The exultation ended as suddenly as it had began, leaving only a ringing noise high in the dome where something was vibrating in sympathy with all the clamor. Tad spied Aidan and Nadia in the crowd, near the center of the temple. They had said their parts of the prayers along with the townsfolk, and appeared properly respectful, but they were not awed as everyone around them. They had seen this before, Tad realized, and perhaps much more. But that knowledge didn’t quell the huge feeling in his chest.

After Mrs. Marsten, there were other miracles. Ambrose and Earkey both created divine food in great quantities (which manifested as flaky and slightly sweet wafers) onto giant silver trays. The mounds of sacred food seemed to float among the people as they handed the trays to each other overhead. Everyone took small pieces from the piles and placed them reverently in their mouths, passing the remainder to their neighbors. As the trays worked their ways around the temple and towards the crowd outside, Earkey created a flame that did not consume fuel or burn, but which shed light like a normal fire. He put the fire into the gnome god’s lantern, and declared that it would never go out. Then Ambrose cured two men of a deadly sickness that paralyzied the lungs, and would have killed them in a few weeks if not sooner.
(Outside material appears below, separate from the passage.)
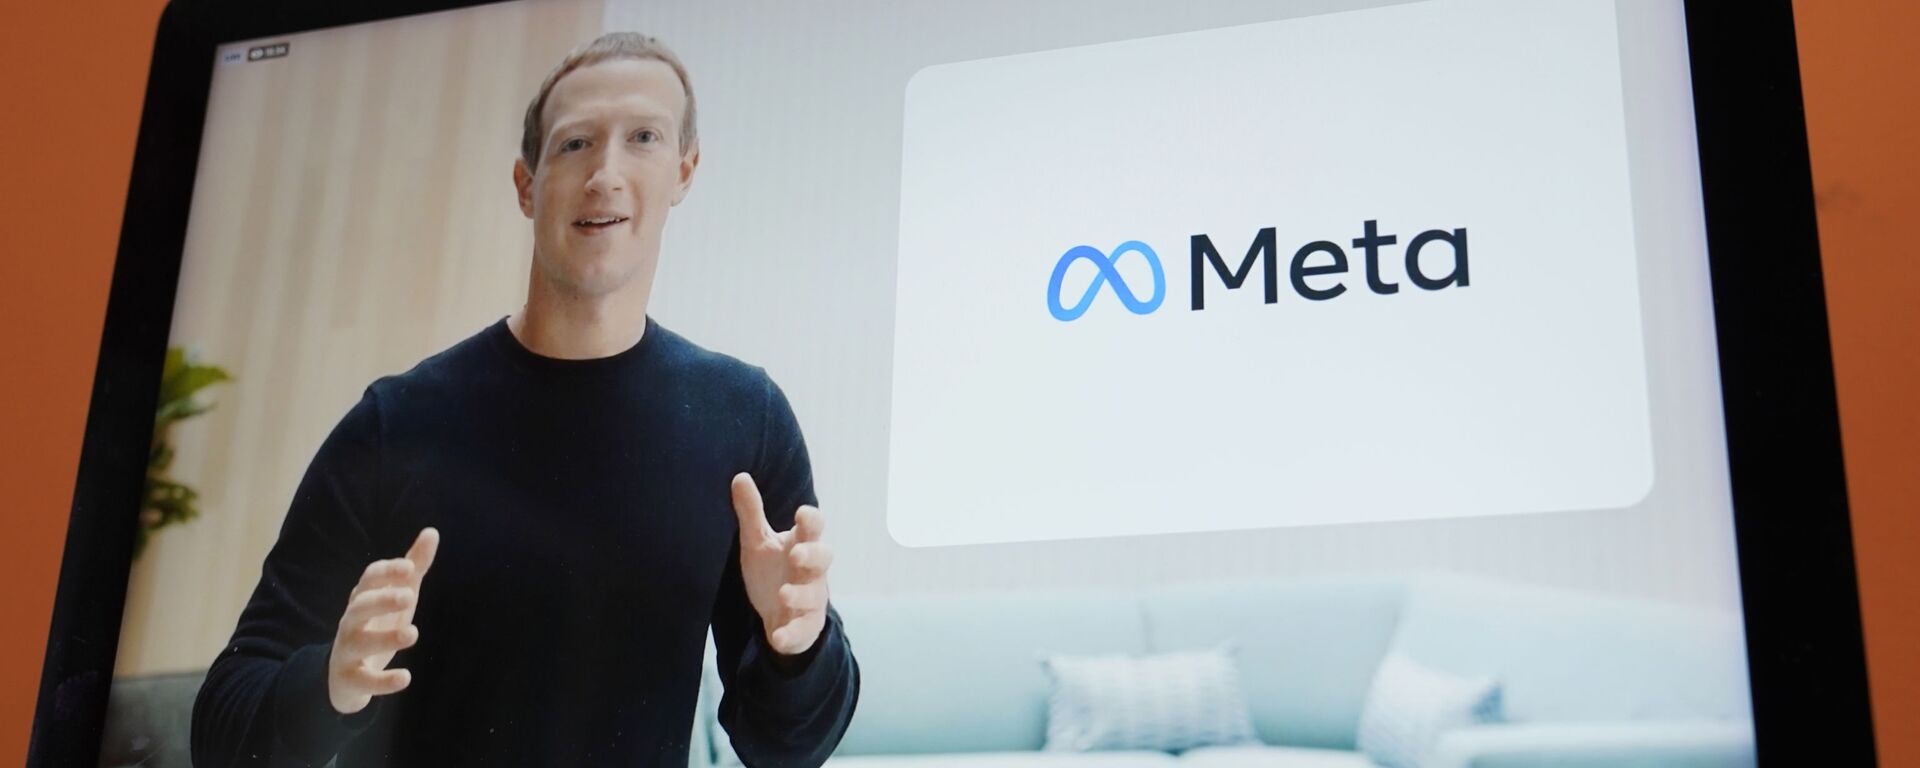 Mark Zuckerberg apresentando a marca da Meta - Sputnik Brasil, 1920, 23.12.2022

It was while the Bishop was curing the lung disease that the messenger arrived, dressed in a tabard of Duke Frederick’s colors. The man was in the street, at the very back of the crowd, covered in the dirt of a long ride hastily made, bobbing up and down on tiptoes looking for someone. Tad used the Rider hand-cant to signal the Sisters, but in small gestures to avoid much attention: “I see a messenger. That way. Far.” The sisters, a head taller than nearly everyone, shifted about until they could see the man. “I see one, will engage,” signaled Nadia, and the two women shouldered their way toward the messenger.

After the second man was cured and Tad could let go of him, he looked for the Sisters. Nadia was reading a scroll, and Aidan was trying to get his attention. “All of us move forward,” she motioned, which Tad took to mean it was time to leave. He passed this on to Ambrose and Earkey verbally. After some searching, Tad spotted Avra and Mr. Brightstar standing next to Shihabba, whose sole offering was a boquet of rare herbs. “All of us move on, that way,” Tad canted at them.

Within minutes, the service was wrapped up and the party was mounted. “We have orders,” was all Nadia had to say, and the party quit town without a second thought. Only Tad looked back. Trusted lay people were taking away the heavy boxes used for offering money to the temple: they had overflowed, and were being replaced with empty ones.

It was a nice town, Tad decided, but he was unlikely to ever visit it again.